Significant Other: Theater review by Adam Feldman
Careful what you wish for, equality activists: The marriage track is not an easy groove. Just ask Jordan, the protagonist of Joshua Harmon’s mordantly amusing and well-observed new play, Significant Other. As portrayed by the sweetly tremulous Gideon Glick, who wears his nerves on his sleeve, Jordan is a nice gay Jewish boy in his late twenties whose closest friends are all women: assertive Kiki (Sas Goldberg), wry Vanessa (Carra Patterson) and kindly Laura (theater treasure Lindsay Mendez). One by one, they peel away from him on nuptial exit ramps, amid elaborate rituals of showers, bachelorette parties and wedding dances, and Jordan is left on the sidelines, driving hard to meet a soul mate but unversed in the traffic rules.

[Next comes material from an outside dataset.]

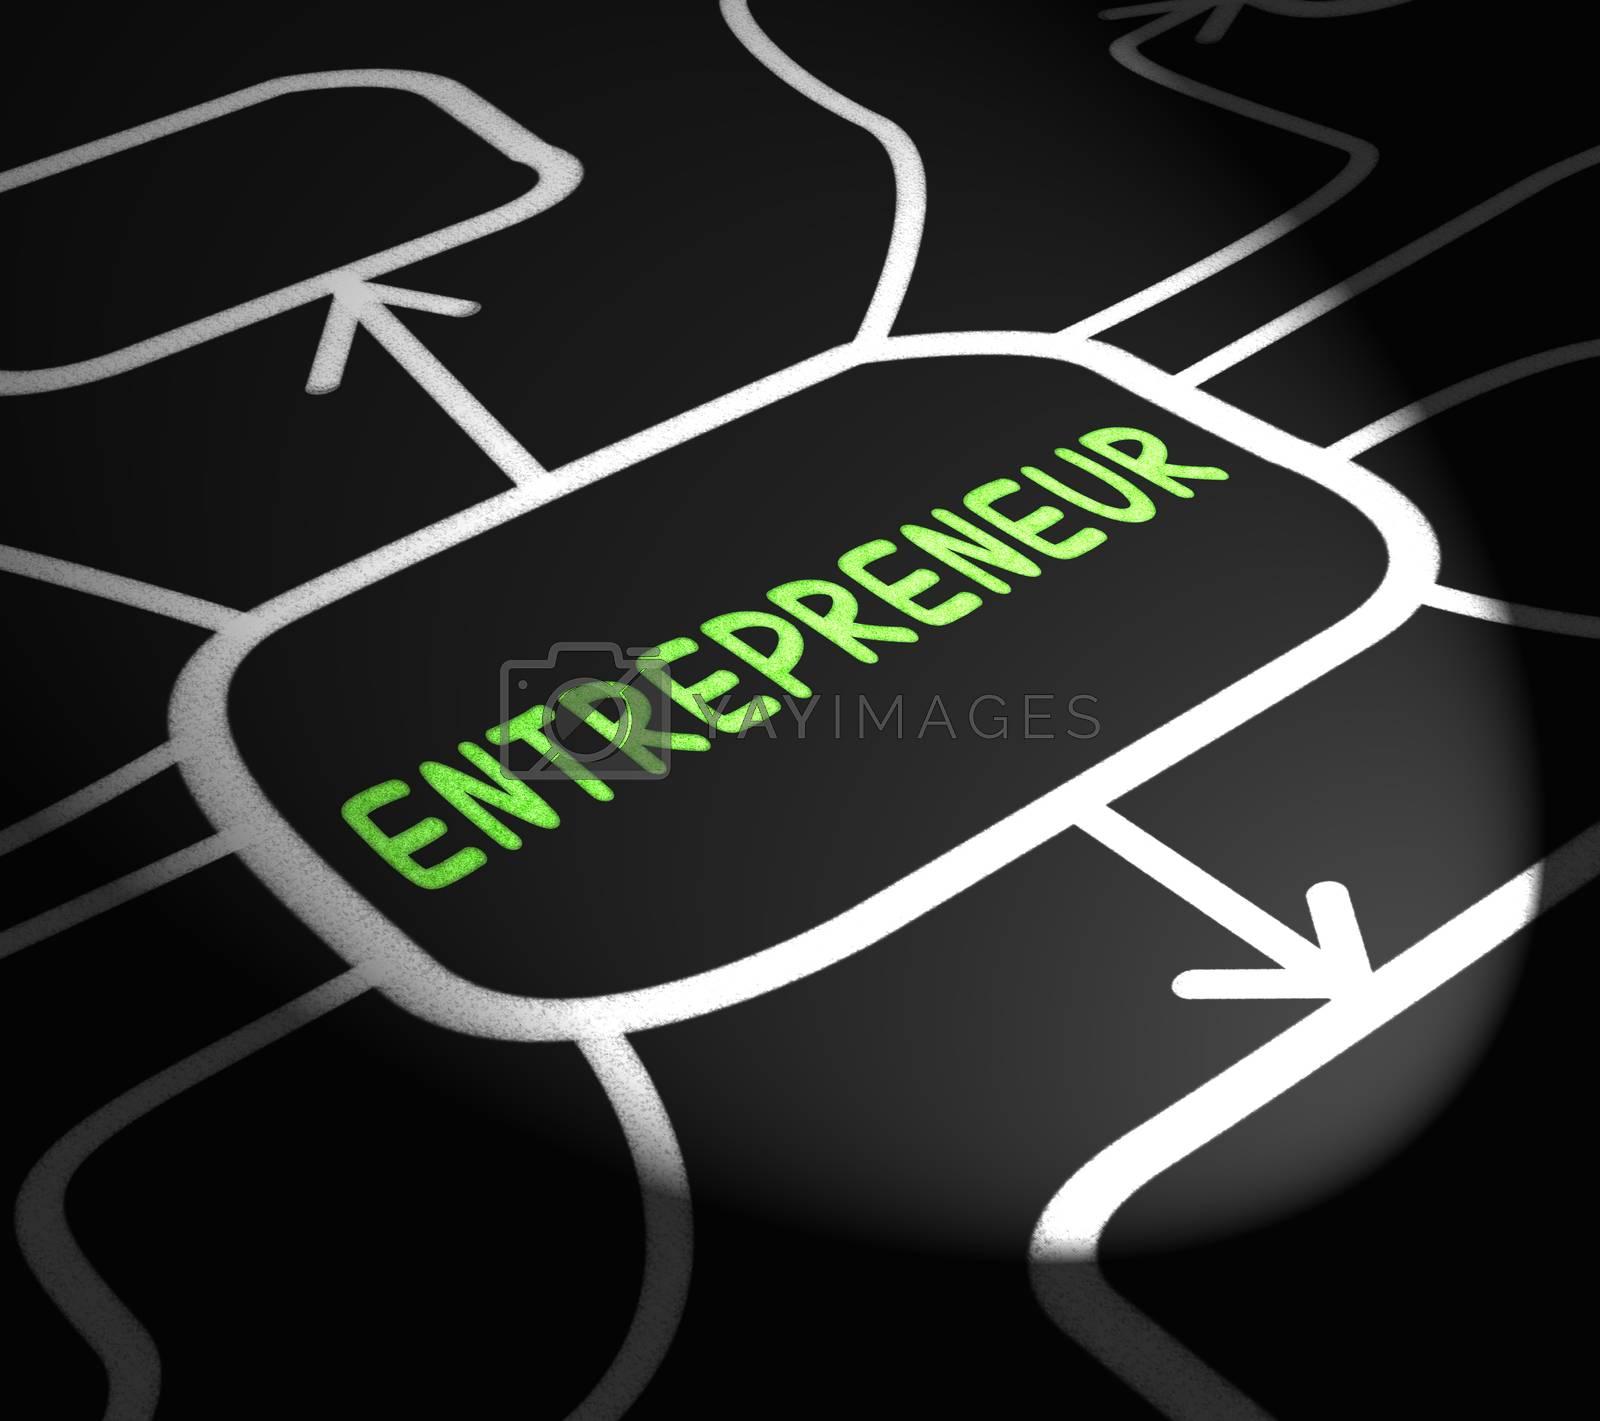 Entrepreneur Arrows Means Starting Business Or Venture by stuartmiles

Directed by Trip Cullman with a gimlet eye for social nuance, Significant Other is not a political play; its dominant mode is sharp but bittersweet New York comedy studded with wry one-liners, in the spirit of the late Wendy Wasserstein. (It’s like The Heidi Chronicles minus the feminist history.) And Jordan’s problems—insecurity, self-consciousness, obsessiveness, general lack of game—are not unique to gay people; one can imagine Significant Other with a straight female lead.
Yet the gay angle makes Harmon’s play especially timely and plangent. Advances in equality are not discussed explicitly, but they loom over the action as Jordan fumbles through attempted connections with a handsome colleague (John Behlmann) and a former acquaintance (Luke Smith). His crisis exists in a specific moment—ours—in which many LGBT people have rights but not privilege; the marital pathways are less clearly defined for Jordan than for his female friends, much less his elderly grandmother (a marvelous Barbara Barrie).

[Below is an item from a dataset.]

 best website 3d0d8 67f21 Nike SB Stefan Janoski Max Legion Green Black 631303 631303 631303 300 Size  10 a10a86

While such questions provide background, however, the play’s main assets are right up front, in the keenness of the writing and the humanity of the performances. As funny as Harmon’s breakthrough play, Bad Jews, but less pushy in its message, Significant Other makes you slap your knees until you notice they’re bruised.—Adam Feldman
Laura Pels Theatre (Off Broadway). By Joshua Harmon. Directed by Trip Cullman. With Gideon Glick, Lindsay Mendez. Running time: 2hrs 20mins. One intermission.